Jerome Bruner died on Thursday. My edu-geek is showing when I say I was saddened to hear this news. He was truly a giant in our field. NYT article on his passing.
I started teaching before I knew anything about teaching. I came to teaching from a liberal arts college where I received a rich education. I promptly tried to give that same education to middle schoolers. I forgive myself for that stupidity. It was 25 years ago. Despite my absurd practices, I decided I loved teaching and decided not to go to law school. Instead, in my third year teaching, I started my Master's degree.
Too often we hear teachers out of education programs wish they had less theory and more practical advice.

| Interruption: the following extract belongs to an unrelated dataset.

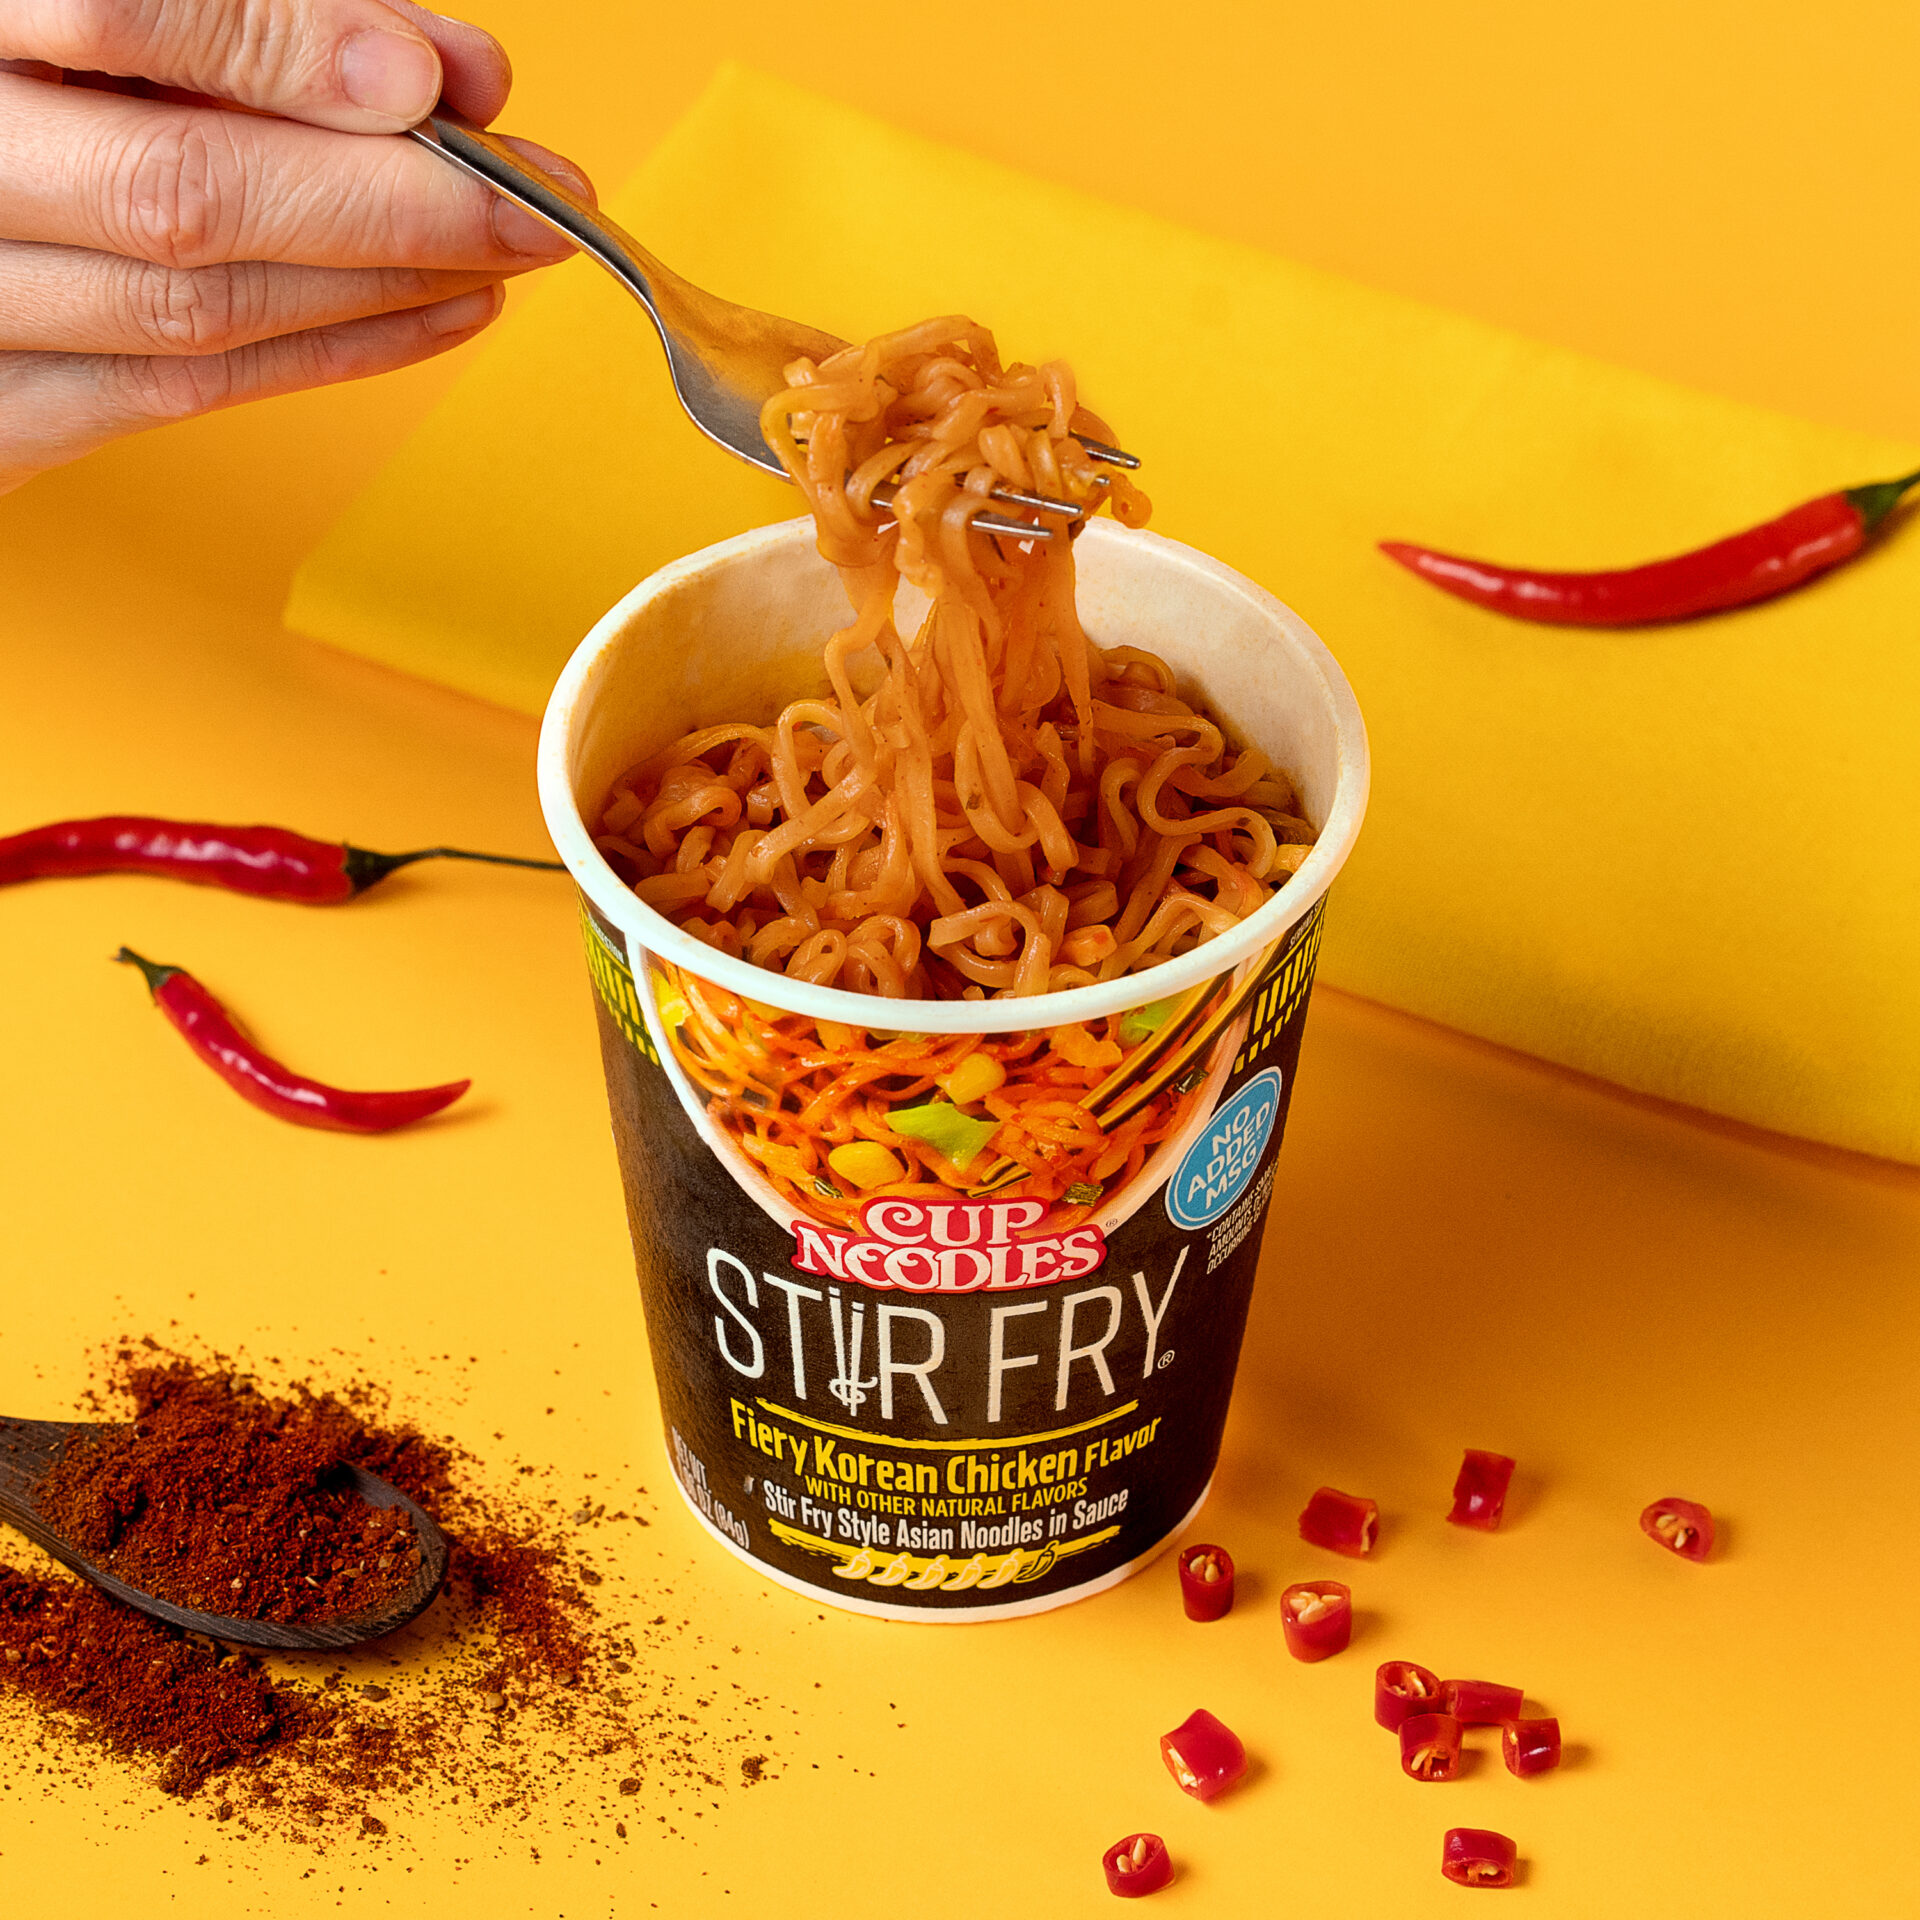 https://www.nissinfoods.com/wp-content/uploads/2023/03/23_NISSIN_Content_Product_CN_SF_FieryKoreanChicken_SM_X2_0135_retouched_R1V1_3000x3000.jpg
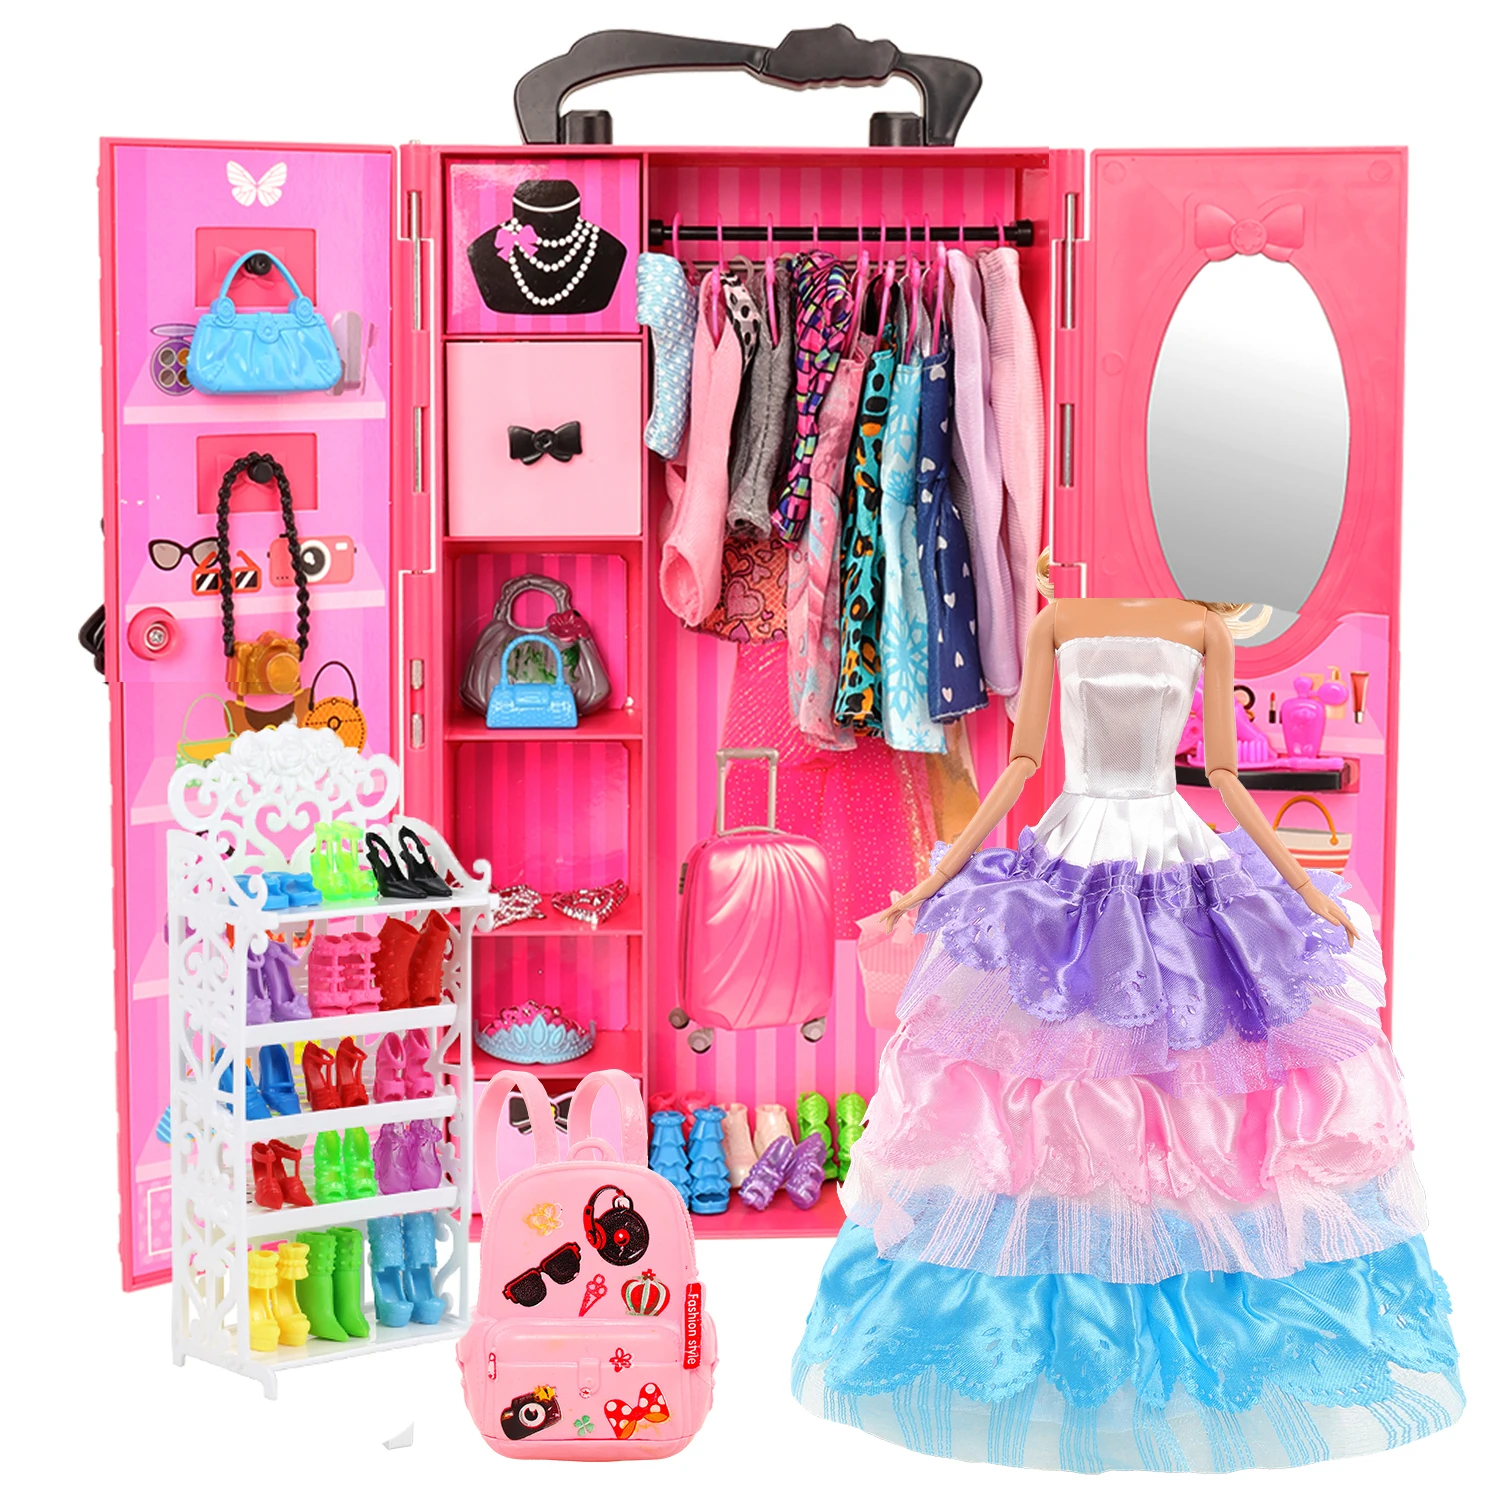 Doll House Funiture 42 Item =1 Wardrobe + 41 Accessories Dress Crown Necklace Shoes Glasses For Barbie Toys Gift Girls Closet

I think new teachers are so busy surviving that theory goes out the window. When I started grad school, I had already survived my first three years. I was able to see how theory was helpful to practice. I learned pedagogy. An aside, we really need to rethink how we train teachers. We need something akin to a residency program, as doctors have. It would help us so much.) When I got to grad school, Skinner and Jerome Bruner were set up in contrast to each other.
I am bemused now by the young teacher that I was. I was totally a behaviorist. I didn't know/ hadn't known who Skinner was, but my model of education was based on rewards and rote learning and hard tests. In fact, I took pride in how challenging my tests were. Indeed, I even named my tests! That's right. I had a series of tests called, "Homicide", "Homicide II", "Suicide." I thought I was funny. Now I cringe.
Jerome Bruner |
Reading Bruner showed me that I totally misunderstood how children learned. He showed me a cognitive theory of learning where learners "construct" meaning and understanding through a dynamic interaction with the texts, the instruction, and the environment. I've never been the same. I changed more between my third and fourth years of teaching than I changed in the rest of my career. I stopped giving grades altogether, I rarely gave tests, I tried to embrace a constructivist theory.
That's a long time ago now. But more than 20 years later, I think of constructivism often. I talk about schema theory far more than a normal person should. Ask my wife, when we go for walks I start talking about this stuff. I admit that I haven't really thought about Bruner himself- for a long time- if I ever did; I guess I thought he was already dead. Still, as I plan in-service training for teachers next week, his thinking will be guiding my thoughts probably more than anyone else I've read all these years later. How many other in-service programs this week will have Bruner's thoughts shaping the conversation? If the instructors are worth their salt, then almost all of them.